“Would it bore you to hear the whole story?,” Eric asked.

There was a welcoming nod of encouragement. Eric tried to speak dispassionately, though he knew that he was appealing for sympathy and help; and the appeal grew stronger as he saw his companion’s expression becoming more grave.

“Confidence for confidence,” said O’Rane, when he had done. “Quite soon after I married, there came a time when it seemed possible that Sonia and I had made a mistake, a time when I felt that, if I wanted her to be happy, I should have to say, ‘Think this over carefully; you’ve only one life and, if you believe you’ll make more of a success of it with another man, you know I’ll not stop you’... I said that, Eric, and I’ve always felt it was the right thing to do. I won’t pretend it was easy, but the right thing seldom is. As it happens, everything’s turned out well... I believe it’s a question that a great many men ought to put to their wives, instead of exercising harem-rights over a human creature, made in God’s image, that they’ve bought or attached to themselves. Do you want to love a woman or to enjoy a slave?... I tell you this, because you must give that girl the opportunity of slipping out of your grasp—”

He stopped at the touch of a hand laid deprecatingly on his knee.

“I can’t keep her, if she wants to go,” said Eric.

“Indeed you can.

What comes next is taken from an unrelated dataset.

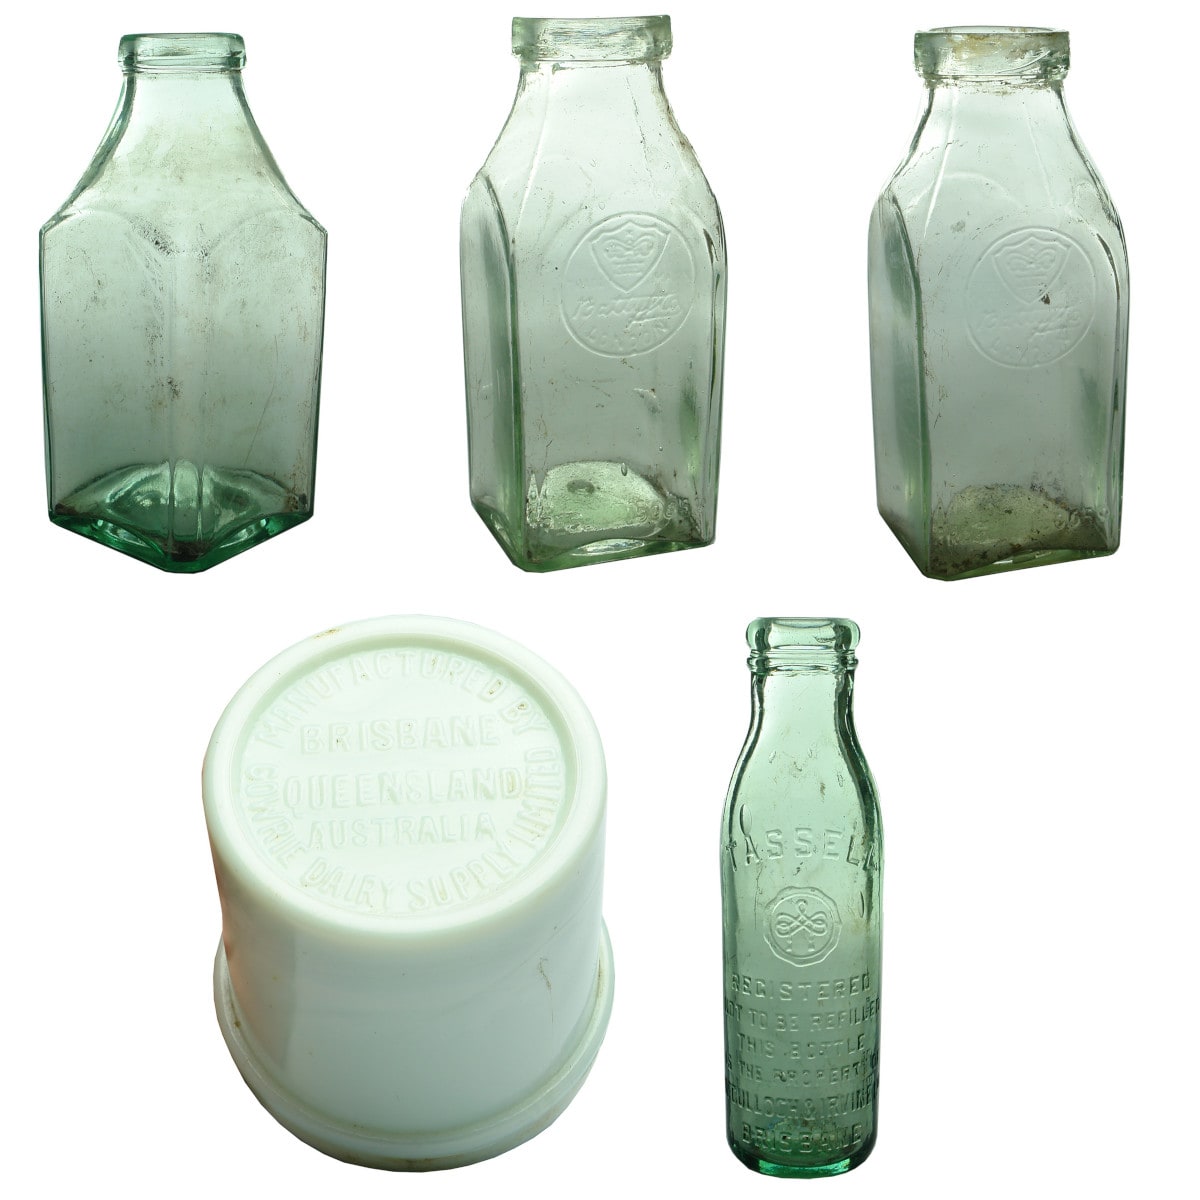 5 Household bottles: Extra large plain Square; 2 x Batty & Co., London, Crown; Gowrie Cheese Jar with Lid; Tassell Brisbane Chutney.

Use your imagination, man! After all you’ve done for her, with the knowledge that you’re ill—Put it on the lowest ground; she wouldn’t dare to have it said of her that she’d thrown over a man with consumption because she couldn’t wait two years for him to get well. Probably you agree with me that a man who is a man doesn’t make capital out of his physical infirmities. You must persuade her that she’s under no obligation to you; and, if the decision goes against you, you must accept it with a good grace. You behaved well in coming to her rescue; you may have an opportunity of behaving even better in giving up all claim on her.”

Eric sat for some moments digging at the gravel with his stick. Then he touched O’Rane’s arm and stood up.

“Let’s move on,” he suggested. “It’s—it’s hot here... Raney, I’m not going to give her up. I don’t see why I should.”

“I hope you won’t have to.”

“No one can compel me, if she says she’ll wait.”